> [INSTRUCTIONS TO FOLLOW]:
Scan the records below for the line containing "Pin von Rachel" and the line containing "Madewell x Karen". Copy both, plus every line between, exactly.

--- ENTRIES SUPPLIED Enclosed Below ---

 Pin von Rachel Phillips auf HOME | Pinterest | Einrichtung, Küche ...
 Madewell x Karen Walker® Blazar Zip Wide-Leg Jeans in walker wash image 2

--- End of Enclosed ENTRIES SUPPLIED ---
--- ENTRIES SUPPLIED Enclosed Below ---

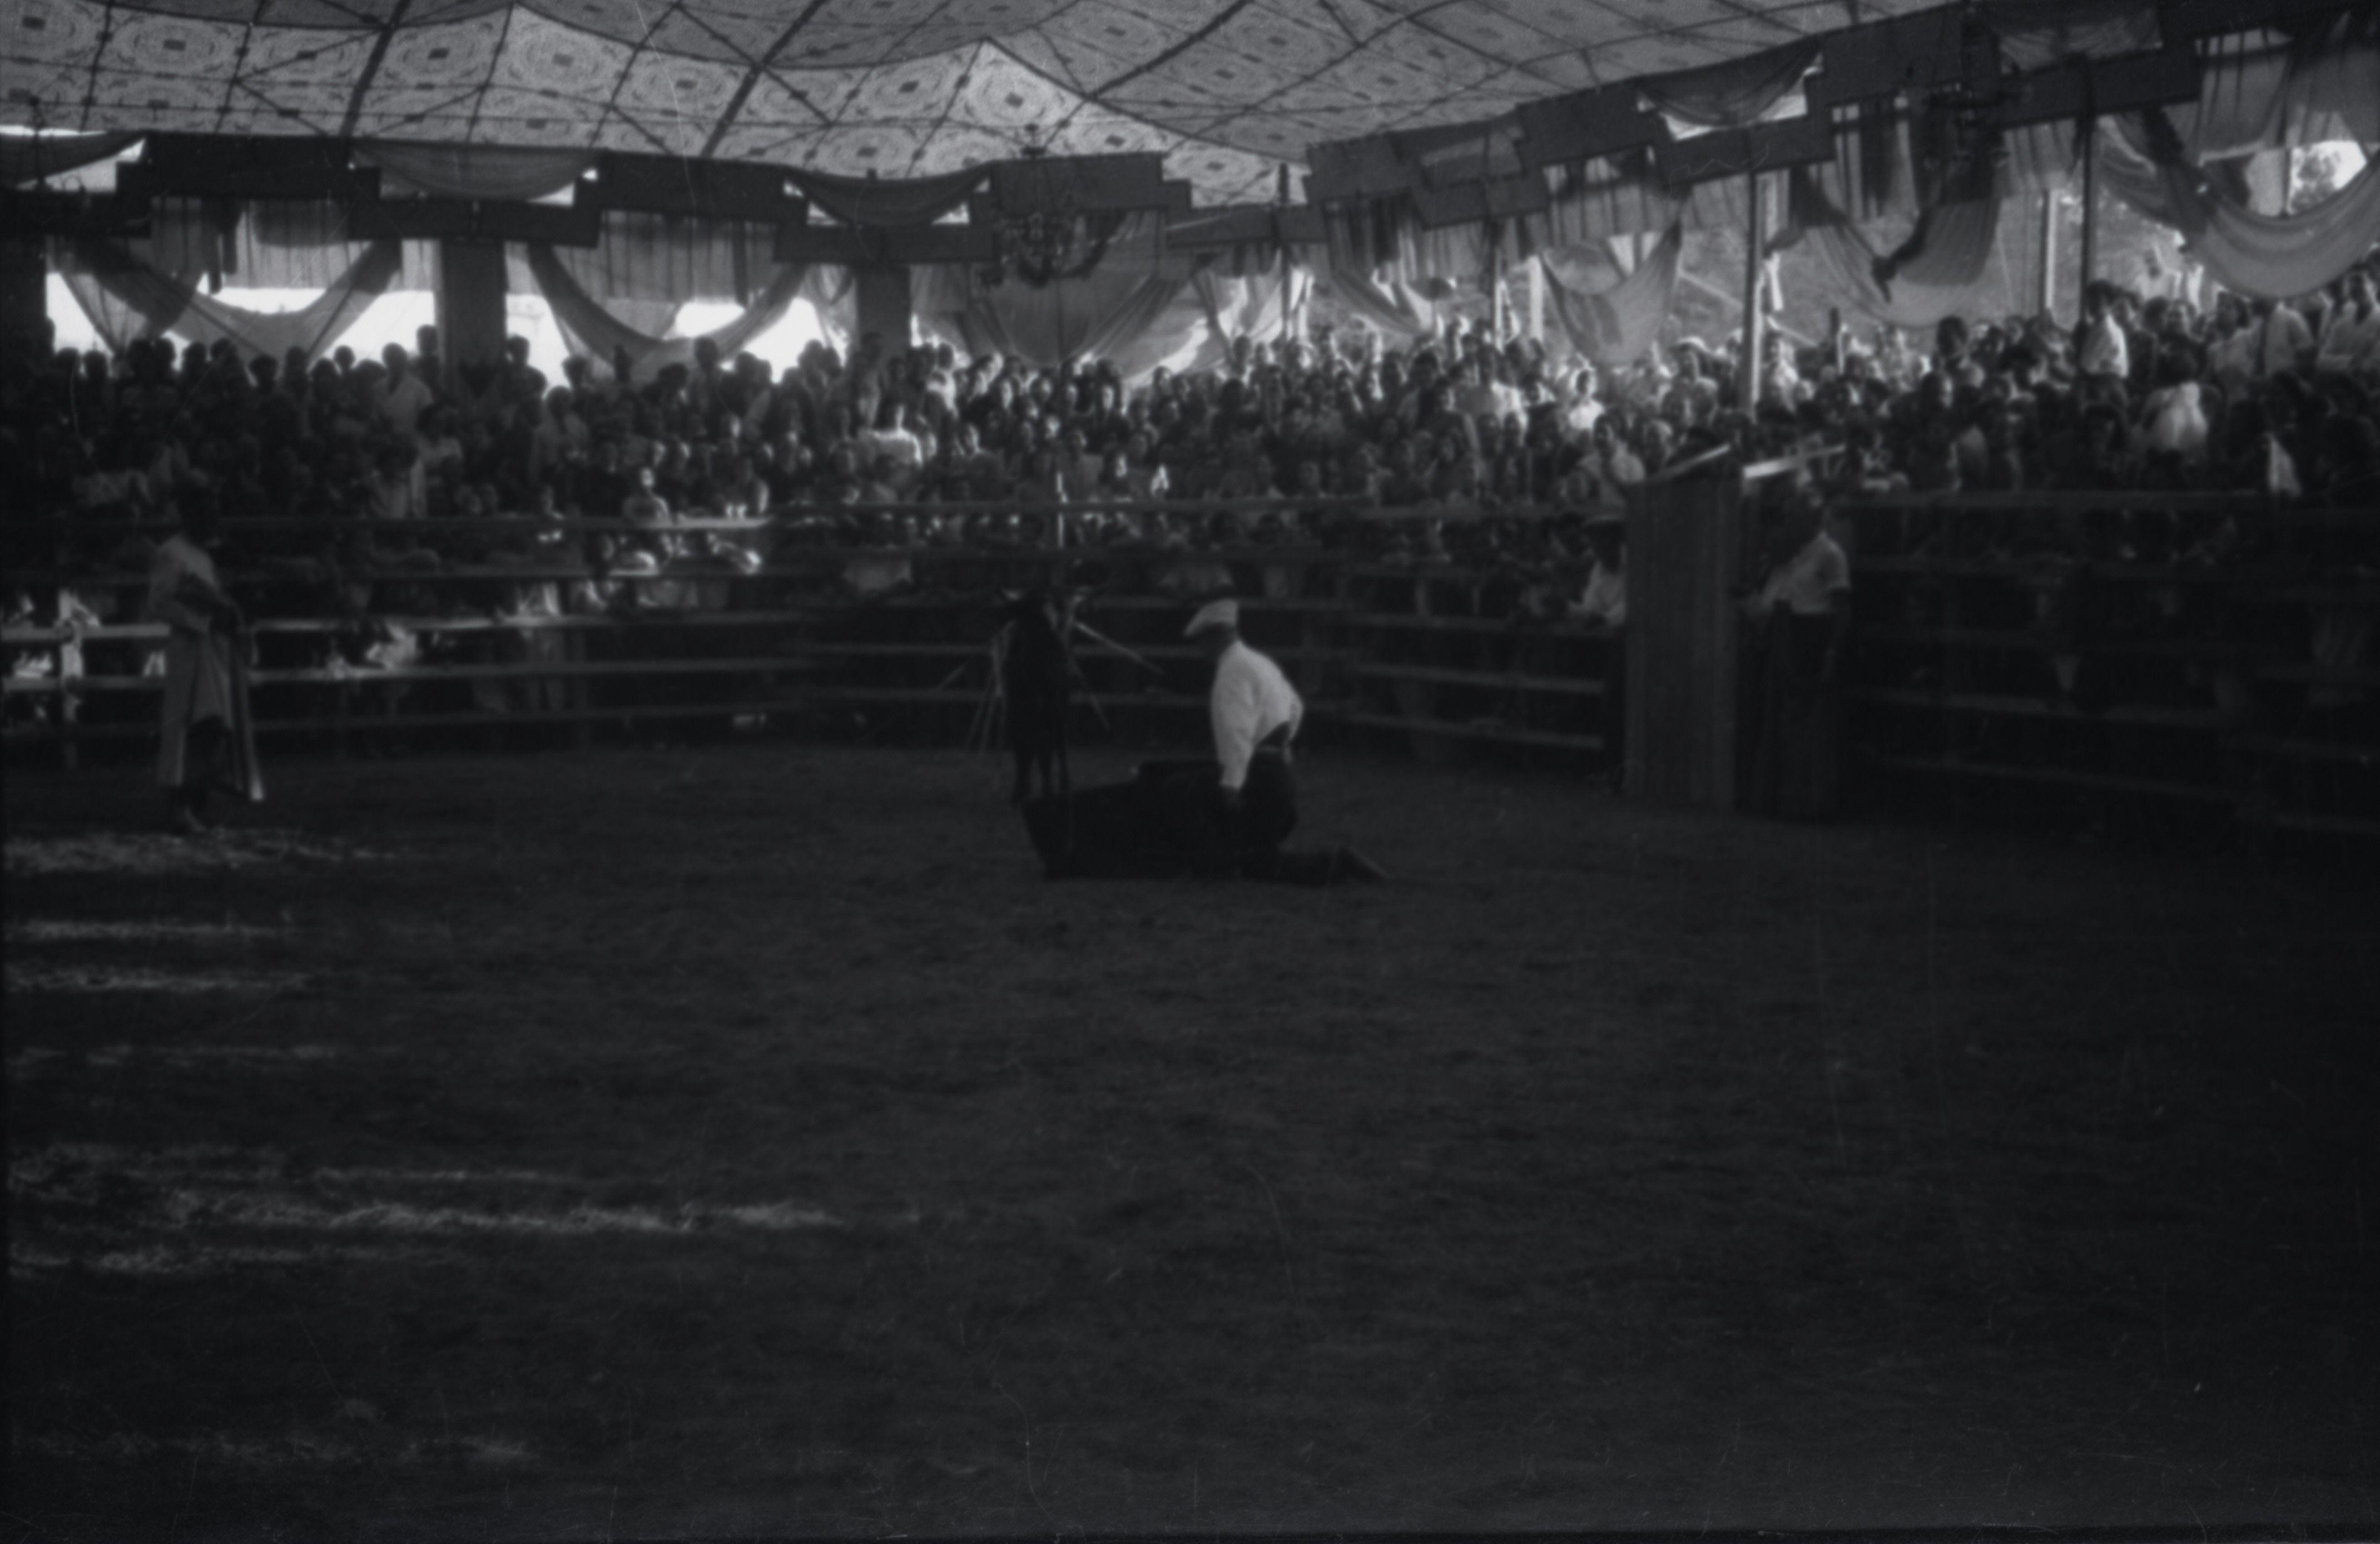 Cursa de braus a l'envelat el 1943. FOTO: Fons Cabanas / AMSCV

--- End of Enclosed ENTRIES SUPPLIED ---

> [TASK ANSWER]:
 Pin von Rachel Phillips auf HOME | Pinterest | Einrichtung, Küche ...
 Madewell x Karen Walker® Blazar Zip Wide-Leg Jeans in walker wash image 2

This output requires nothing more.